Further analysis points out that BBY gains in sales was roughly flat in this quarter. Few store closures of competitors like Sears Holdings (OTCPK:SHLDQ) and Bed Bath and Beyond (BBBY) will further help the sale of large and small appliances go up in the forthcoming quarter.

The surge in the ASP of products decreased the per unit volume but this gain in the market share will offset the decrease in the future. The gaming division’s sales is mainly holiday-oriented and is comprised of console and accessories (headsets and controllers) sales. We believe that the sales of these products will be pulled by a set of key titles like Fortnite, Red Dead, etc. Though Switch consoles faced a down year last year, the division will continue to perform well now. BBY has modest comp expectations in 4Q18 as BBY is expected to have strong comps followed by the launch of the Nintendo Switch and iPhone X.

Comps steady, Best Buy 2020 to reap benefit in near future

BBY’s enterprise level comparable sales growth (4.3% for 3Q18) was almost flat (10bps lower than the growth rate experienced by the firm in the same quarter last year). This is similar to that of the first half of the year backed by customer’s response to their unique and outstanding business strategies. The company’s “Best Buy 2020: Building the New Blue” program aims to explore various plans to improve growth opportunities and optimize cost, including focusing on areas like appliances, In-Home Advisor, health space, smart home and Total Tech Support and also the acquisition of GreatCall, a leading connected health services provider.

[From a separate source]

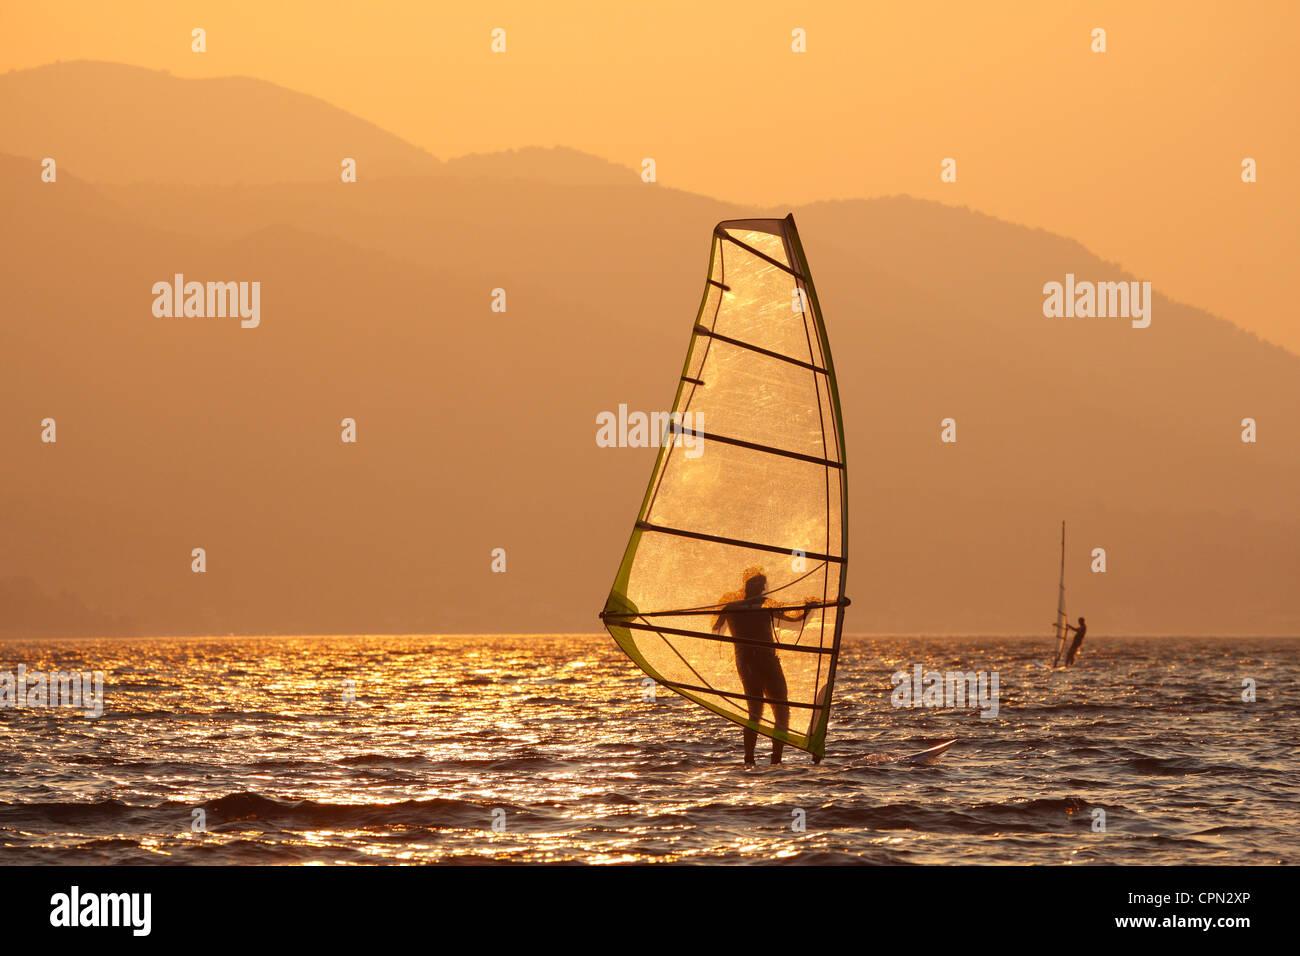 Windsurfing at sunset - Stock Image

Online sales up, offsetting store closures

BBY reported a domestic revenue of $8.76 billion which increased 3.1% compared to last year, resulting in a comparable sales growth of 4.3% as well. However, this growth is slightly offset by the loss of revenue from 287 Best Buy Mobile and 19 large-format store closures over the past year.

Domestic revenue from online sales is $1.21 billion which increased 12.6% on a comparable basis. The contribution of online revenue to domestic revenue is 13.8% versus 12.7% last year, which was 110 basis points more.

Domestic gross profit rate performed slightly less i.e. by 30 basis points from last year due to higher supply chain costs, including both investments and higher transportation costs, and the national rollout of the Total Tech Support offer. Gross profit optimization initiatives led to high product margin which slightly neutralized this negative effect. We believe that the margin squeeze theme may be temporary.

Source: Morningstar and BBY releases

On the basis of GAAP, SG&A expenses were $1.82 billion, or 20.8% of revenue, compared to $1.75 billion, or 20.6% of revenue, last year. On a non-GAAP basis, SG&A expenses were $1.81 billion, or 20.6% of revenue, compared to $1.75 billion, or 20.6% of revenue. The main reasons behind higher domestic selling, general and administrative expenses are specialty labour and depreciation expense, higher incentive compensation, operating expense of the newly acquired company, GreatCall, and increased revenue led high variable cost.

The international division attributed to $834 million to revenue, an increase of 0.6% compared to 2017. The primary reason being 3.7% comparable sales growth in both Canada and Mexico together with sales from six new large-format store in Mexico last year. The gross profit rate of 22.2% was flat compared to last year. The international SG&A decreased by 0.5% due to favourable impact of foreign exchange rates.

Derating is more systemic

Source: Seeking Alpha

BBY’s PE has derated to c17x TTM earnings as compared to c25x four months earlier. We do see some further derating in the stock as we believe (1) market sentiment in general and the retail sector in particular can be a dampener; (2) the company’s lacklustre EPS growth may enable derating; and (3) the company has generally traded in a 10x-15x PE range, and idiosyncratic factors are yet to justify a higher-than-the-range multiple. For now, we remain on hold.

Disclosure: I/we have no positions in any stocks mentioned, and no plans to initiate any positions within the next 72 hours. I wrote this article myself, and it expresses my own opinions. I am not receiving compensation for it (other than from Seeking Alpha). I have no business relationship with any company whose stock is mentioned in this article.